Hill Town #4 - Završje

For an idea of what Grožnjan would have become had the artists not taken over 50 years ago, we drove 20 minutes to the nearby village of Završje, the remnants of a medieval fiefdom of farmers and tanners built upon the ruins of an ancient Roman fort.


Once known as Piemonte d'Istria and connected to Grisignana/Grožnjan via the now-defunct narrow guage railway, Završje has been slowly reduced to a dilapidated collection of crumbling stone houses after the closure of its train station and mass emigration of its ethnic Italian population during the Istrian exodus.


The dozen remaining residents have managed to keep Završje from deteriorating into a ghost town with one seasonal cafe and an agroturizam operation on the hillside, ideal for a week of doing absolutely nothing except watching the local goatherder tend his flock of less than ten goats.

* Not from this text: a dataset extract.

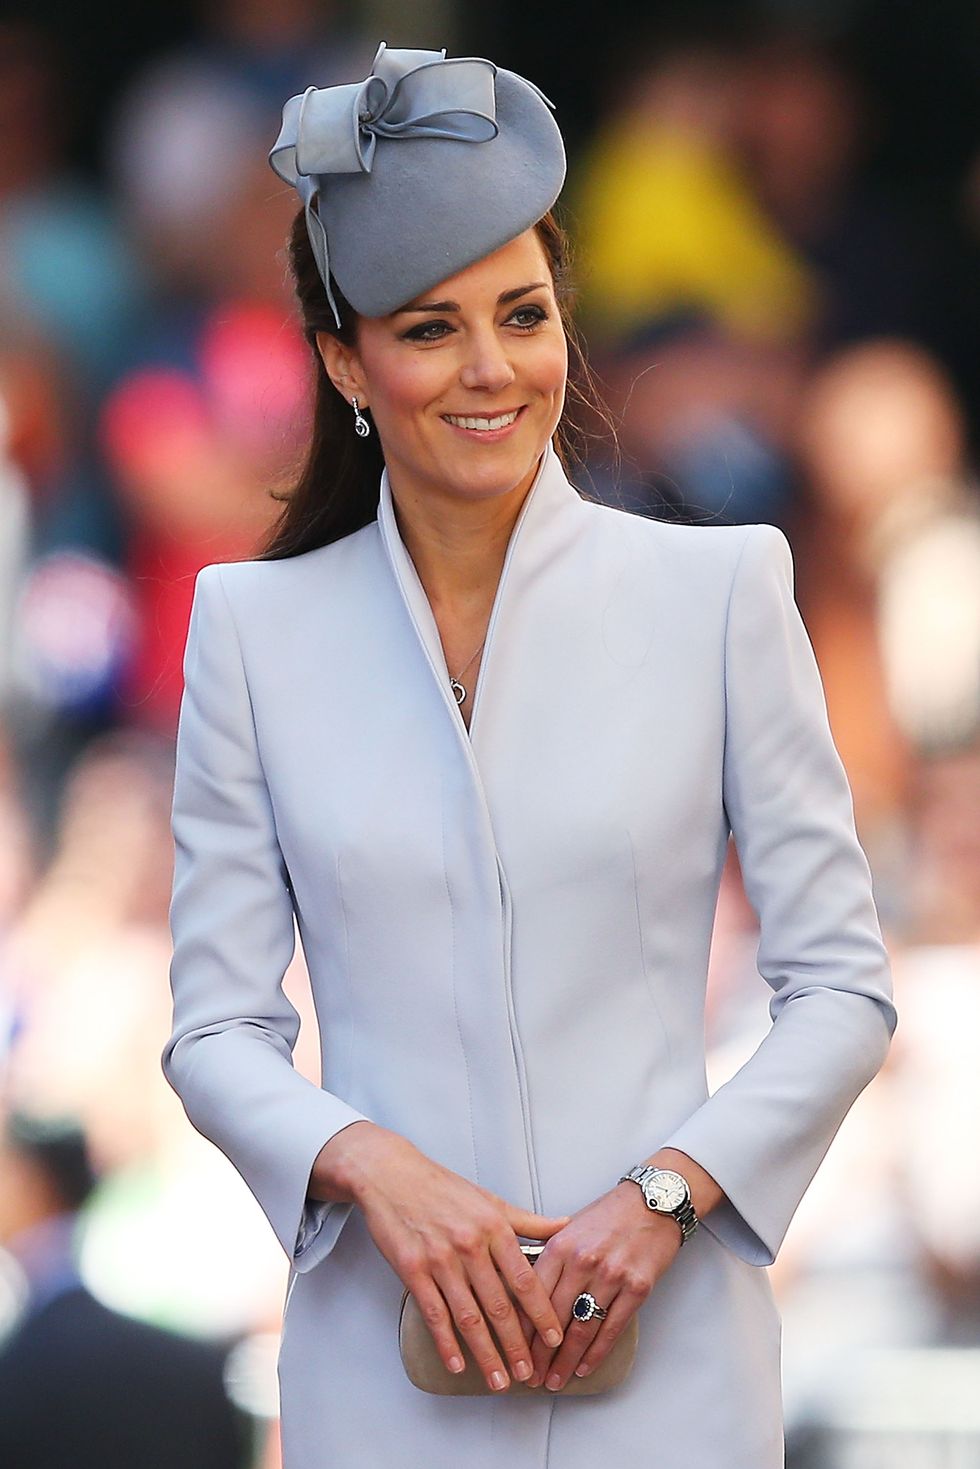 sydney, australia   april 20  catherine, duchess of cambridge arrives at st andrews cathedral for easter sunday service on april 20, 2014 in sydney, australia the duke and duchess of cambridge are on a three week tour of australia and new zealand, the first official trip overseas with their son, prince george of cambridge  photo by brendon thornegetty images

Surviving monuments include an 11th century castle with defensive ramparts and town gates bearing the family insignia of medieval rulers, plus several churches including the 16th century Blessed Virgin Mary that doubled as the village school nearly a century ago. Restoration funds from the EU is said to be earmarked for this hard-to-reach village in the heartland of Istria, so let's see what happens in a few years.

Hill Town #5 - Oprtalj

A further twenty minutes took us to our fifth hill town over two days. Situated across the Mirna valley from Motovun is the ancient walled town of Oprtalj/Portole, perched upon a small ridge just north of Livade where the famous truffle festival is held every November.


Featuring a handsome Venetian loggia from the town's Renaissance past, Oprtalj originated as a Roman fortress like Završje and came back under the influence of Rome when Italy annexed the region after WWI. Many Italians did leave with the Istrian exodus of the 1950s, though the langauge is still widely spoken especially now with Croatia's ascension to the EU.

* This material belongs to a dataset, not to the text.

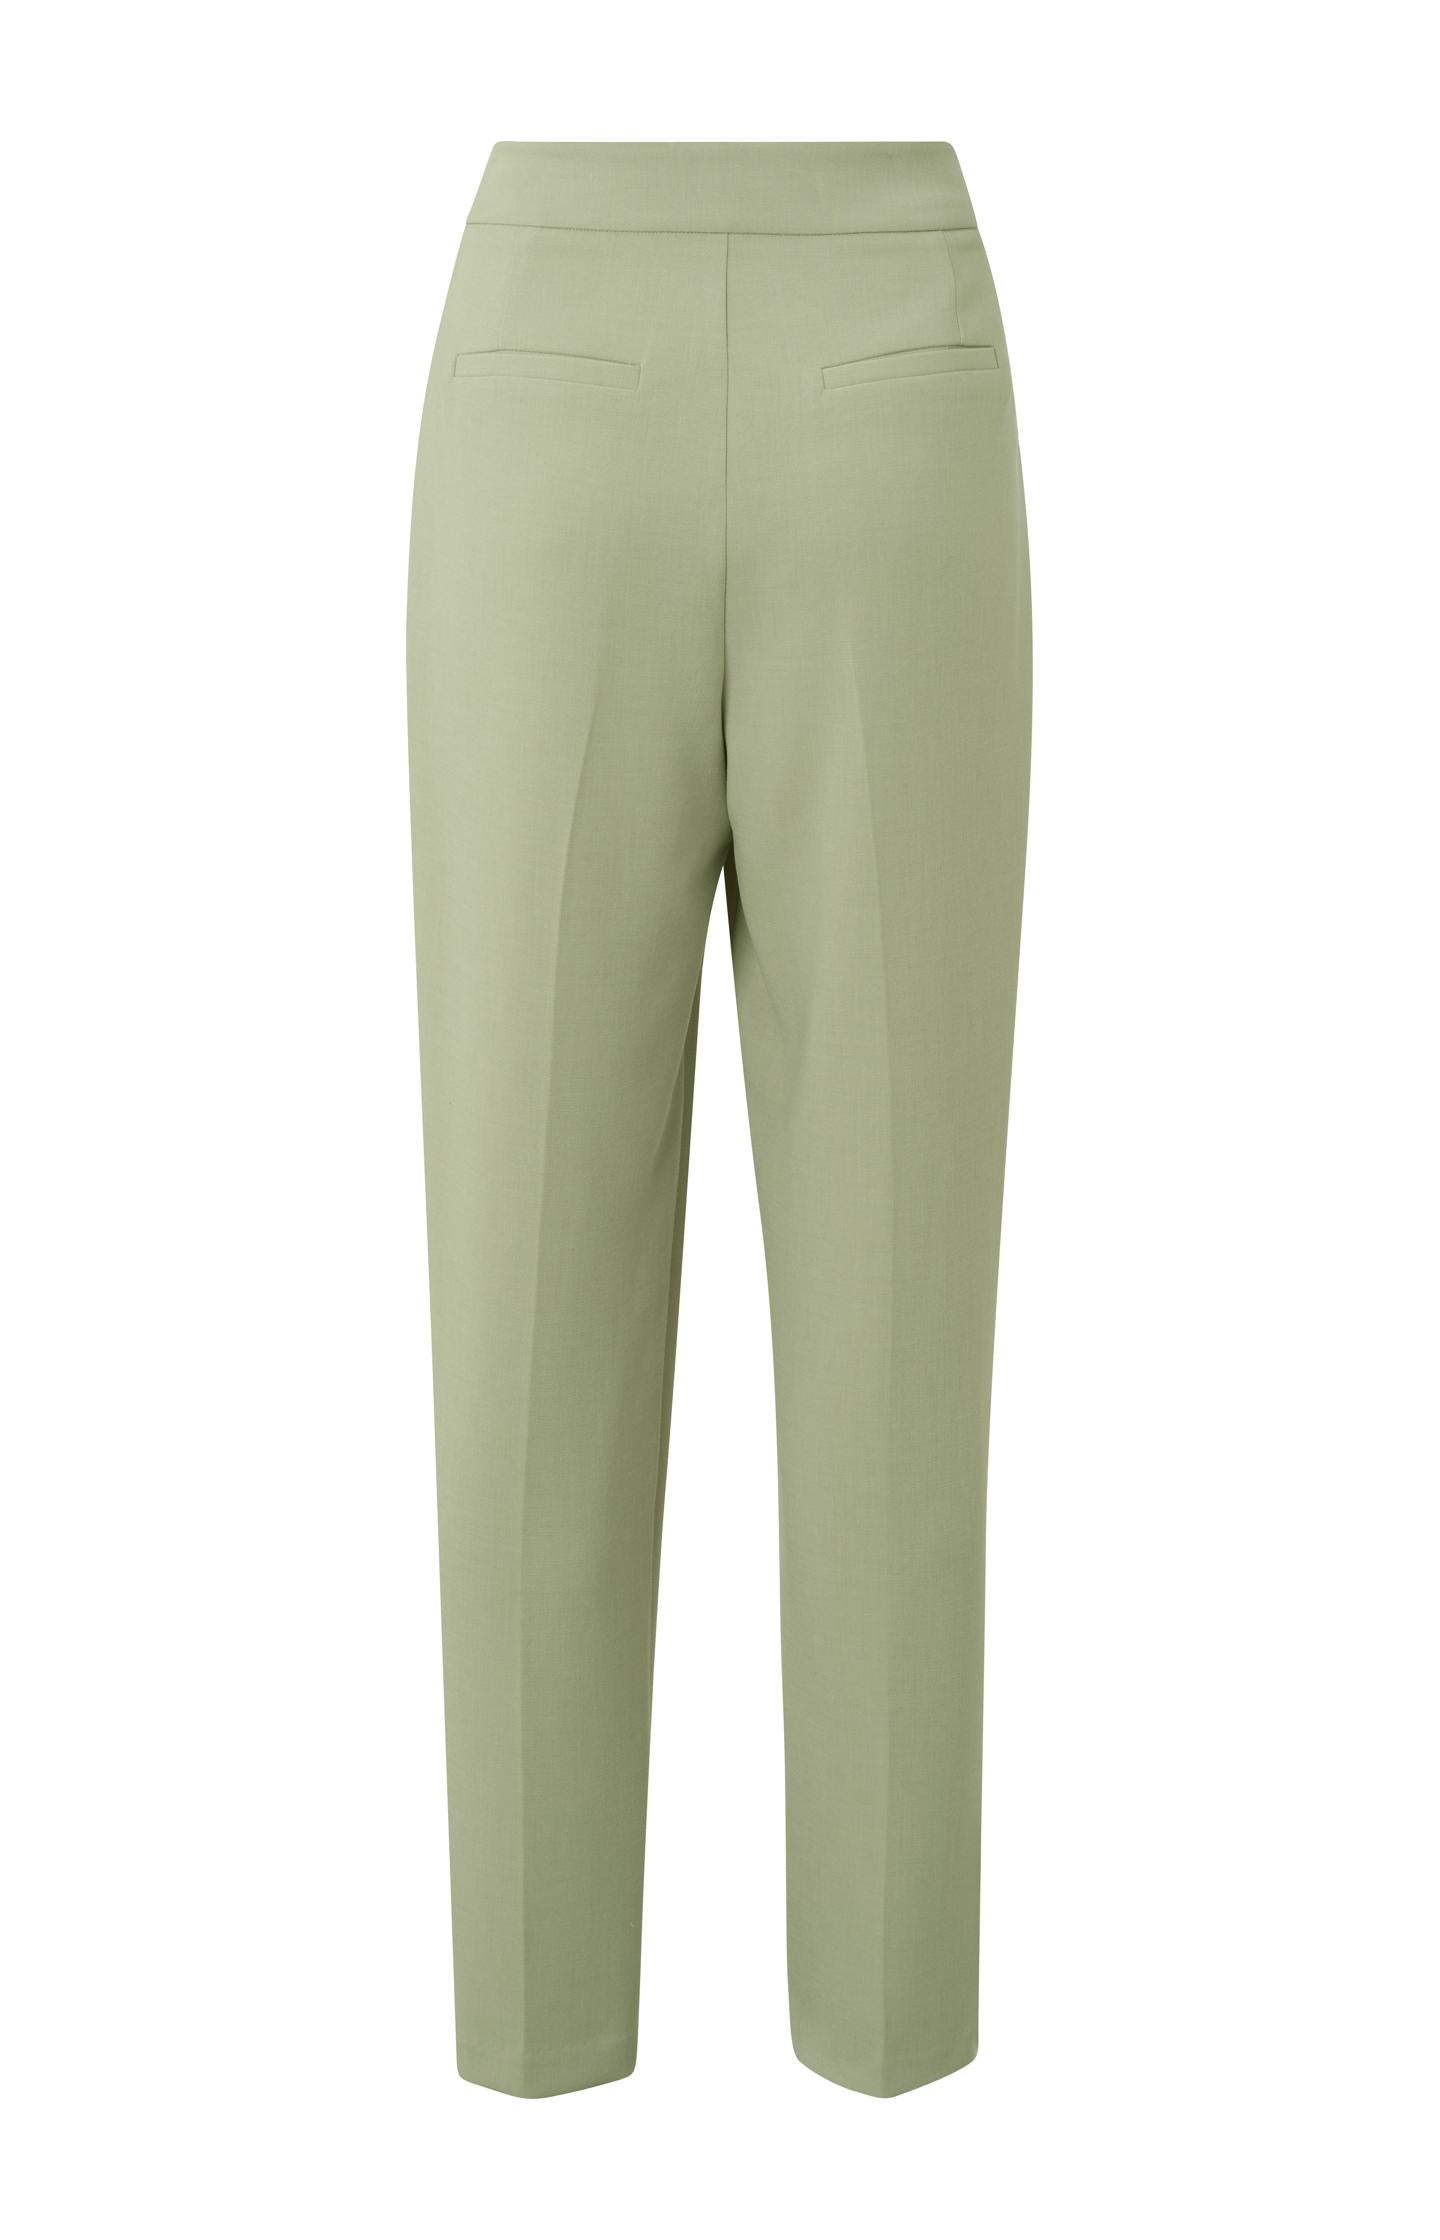 High waist trousers with pleated details and side pockets

Meanwhile descendants of the original Venetians remain key to the cultural fabric as the Istrian counties in both Croatia and Slovenia are officially bilingual, offering citizens the choice of speaking Italian in court in addition to Croatian here or Slovenian on the opposite side of the border, just 6 km north of Oprtalj.

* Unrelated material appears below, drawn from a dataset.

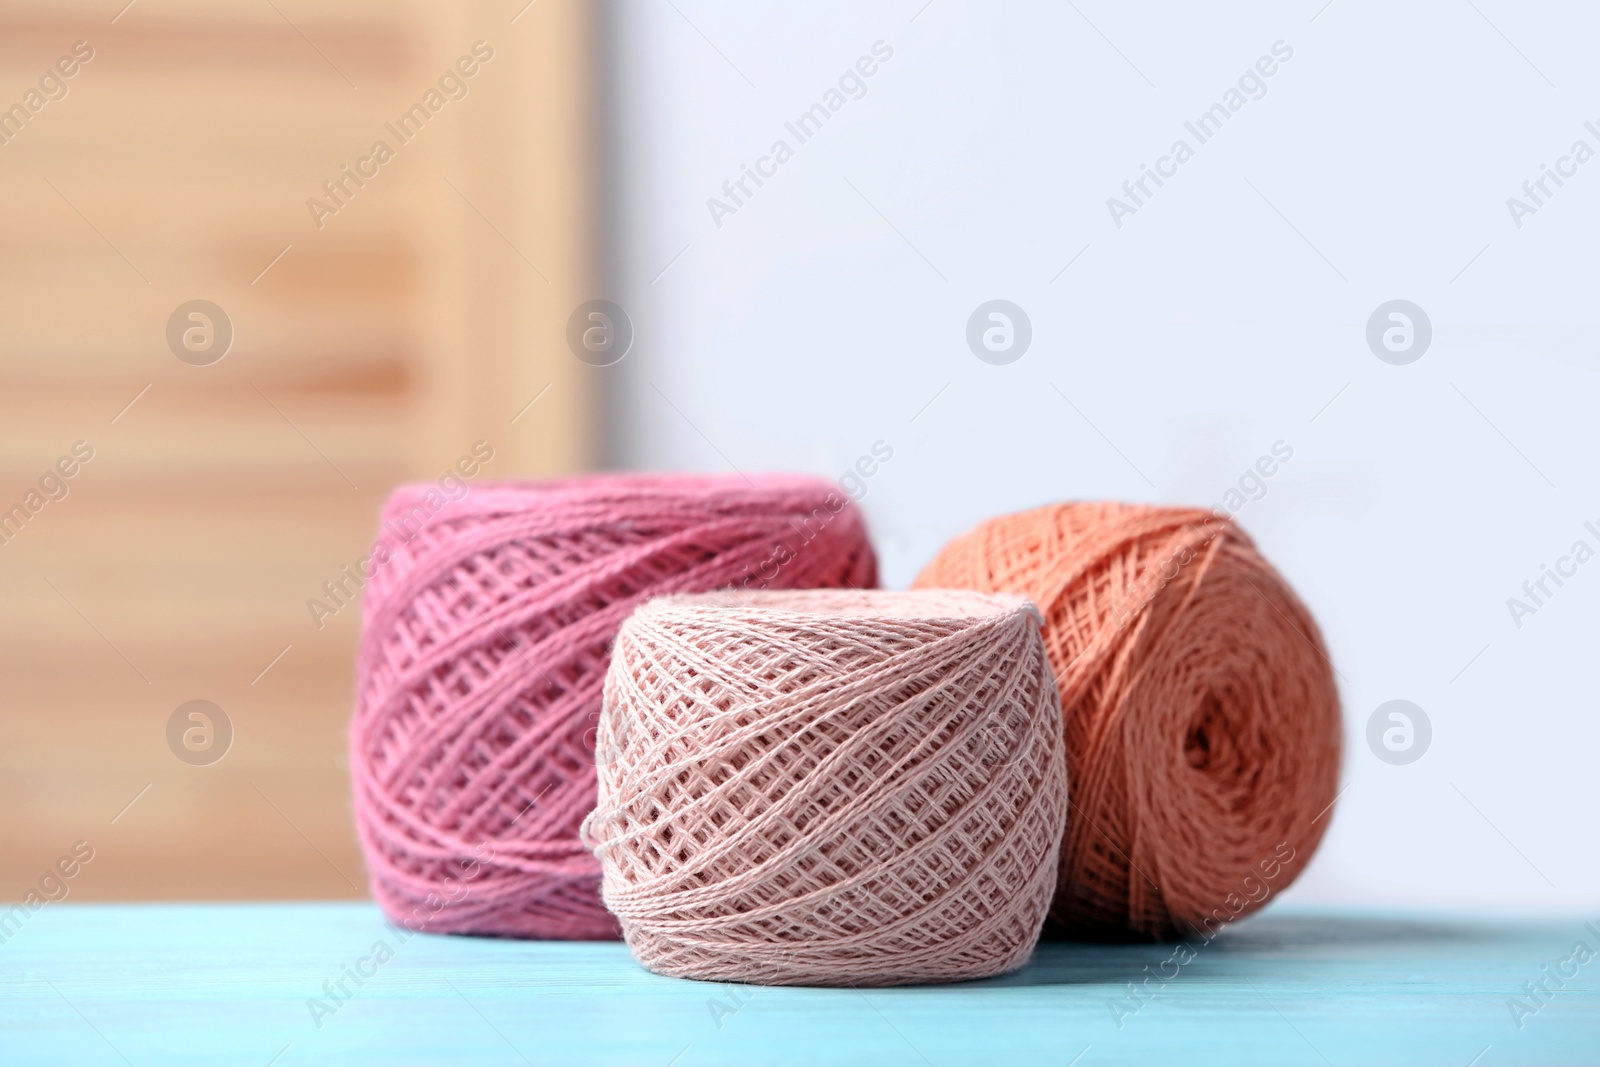 Photo of Colorful clews of threads on table against blurred background

We ended our long drive with a casual but amusingly Istrian dinner of Croatian cevapcici with Italian pizza, certainly far from the best of gastronomic offers at one of the Europe's capitals of truffles. Did I mention that we joined a truffle hunt led by a Motovun local with his two truffle hounds? Yes, that would be the subject of the next post.

IF YOU GO

The closest airports to the heartland of Istria are Pula and Trieste, both served by low-cost airlines such as EasyJet and Ryanair. From either airport, frequent highway buses cross national boundaries along the coast between Trieste, Koper, Porec, Rovinj and Pula. While it is possible to reach Motovun and Grožnjan by public buses, a rental car offers much time savings and the option to visit smaller towns such as Hum, Završje and Oprtalj.